We have analyzed how the open collaborative innovation process has redefined the communication of technology companies towards the outside. This does not come automatically and requires an effective management because collaborative innovation is redesigning completely the flows of information—and power—inside the company, as the innovation team is no longer the only source of input. Today many innovation teams understand the value of collaboration, at least in a large majority technology firms. However, a more pressing challenge is making the rest of the company fully understand and engage into collaborative innovation so that all employees may fully support open innovation and benefit from it. This is an important condition for innovative companies if they want to increase their absorptive capacity of external information (Cohen and Levinthal 1990) with collaborative innovation.

This often requires changing the employees’ mindset and behaviors through an effective internal communication which is aligning innovation to strategy and is rising above organizational silos.

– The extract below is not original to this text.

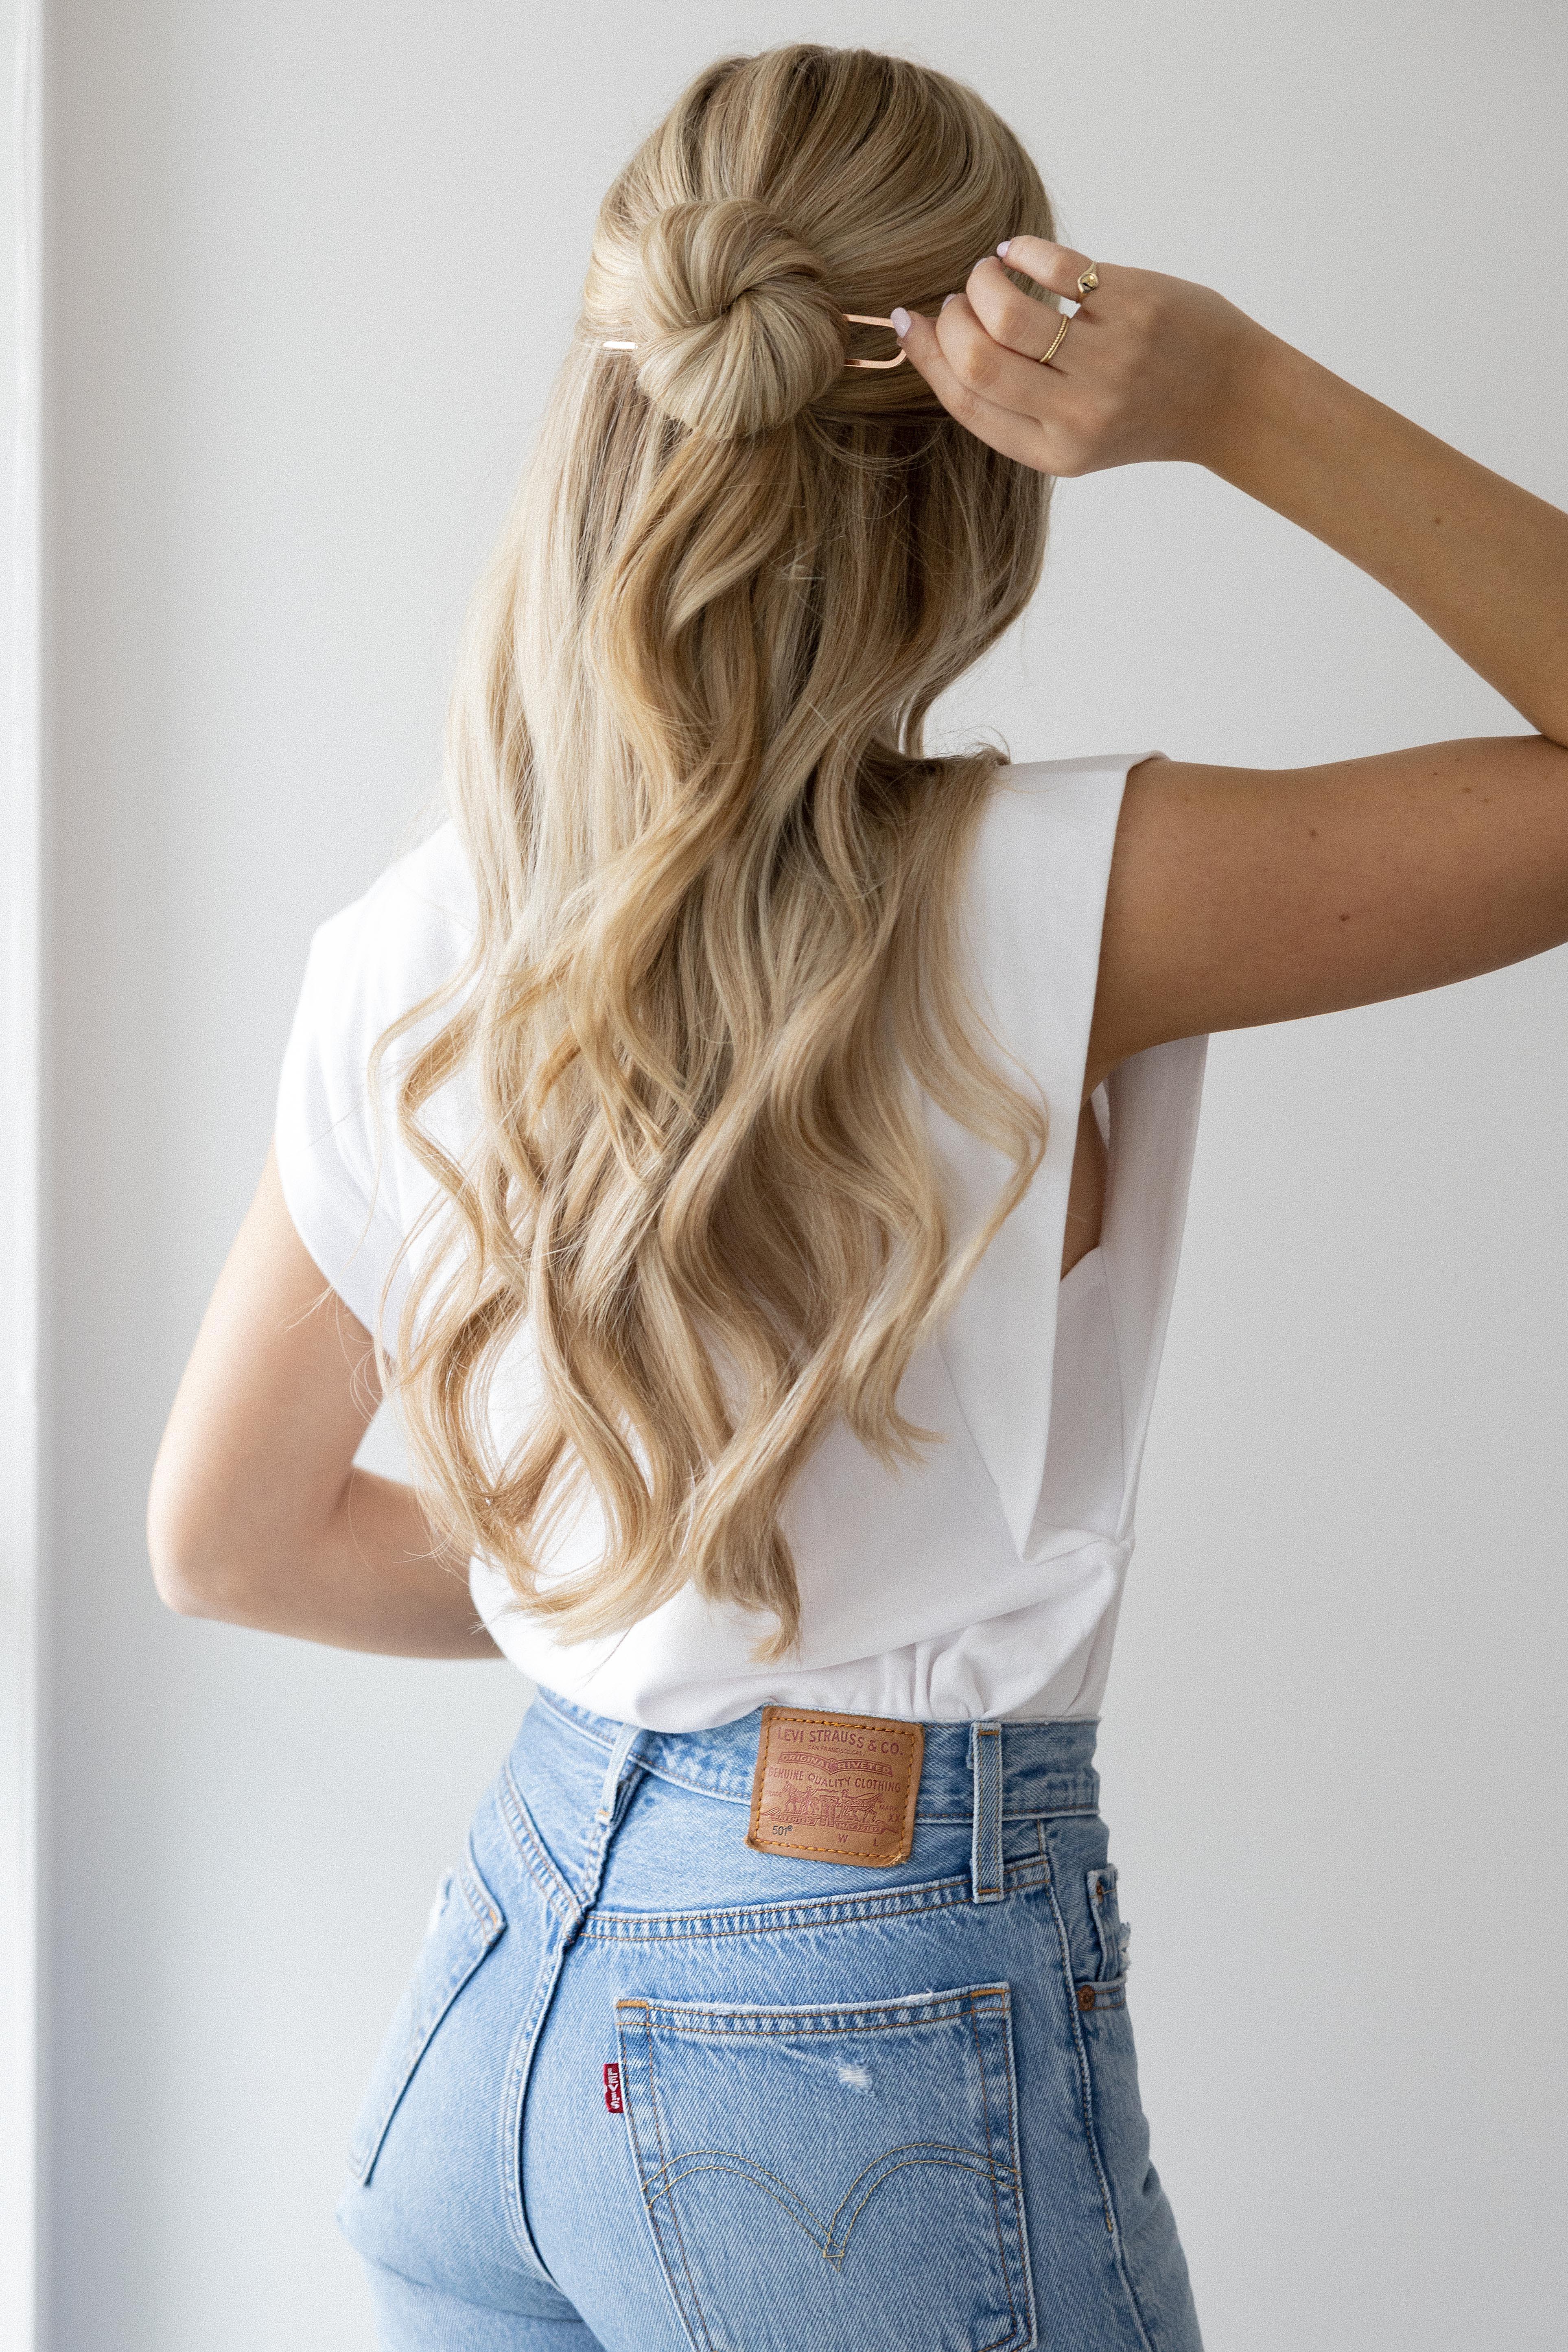 Kristin Ess FRENCH PIN Hair Tutorial | www.alexgaboury.com

The most important is to promote collaborative innovation with ongoing communication to reach, tell, and support people to participate; then it is equally important to sustain the momentum with continuing messages about successes, current actions, platform improvement or other innovation initiatives (Lindegaard 2012).

Ultimately collaborative communication leads to the emergence of a new category of managers, the “network orchestrators” (Fung et al. 2007) who are able to deal with a large diversity of contributors. They have to develop a specific set of management skill, because their role is not the same as managing internal collaboration; it requires a more fluid approach with a network centric perspective and not only a firm centric or a market centric viewpoint (Thomas and Wind 2013). In any case, network orchestrators must have considerable communication skills and they must be able to communicate clearly, simply, effectively, and consistently with all innovation partners in order to find them and then to keep them motivated and engaged. As an increasing number of companies in various industries are opening their innovation out, one key lesson they can learn from successful innovative technology firms is that communication is an indispensable key success factor to achieve an effective collaborative innovation.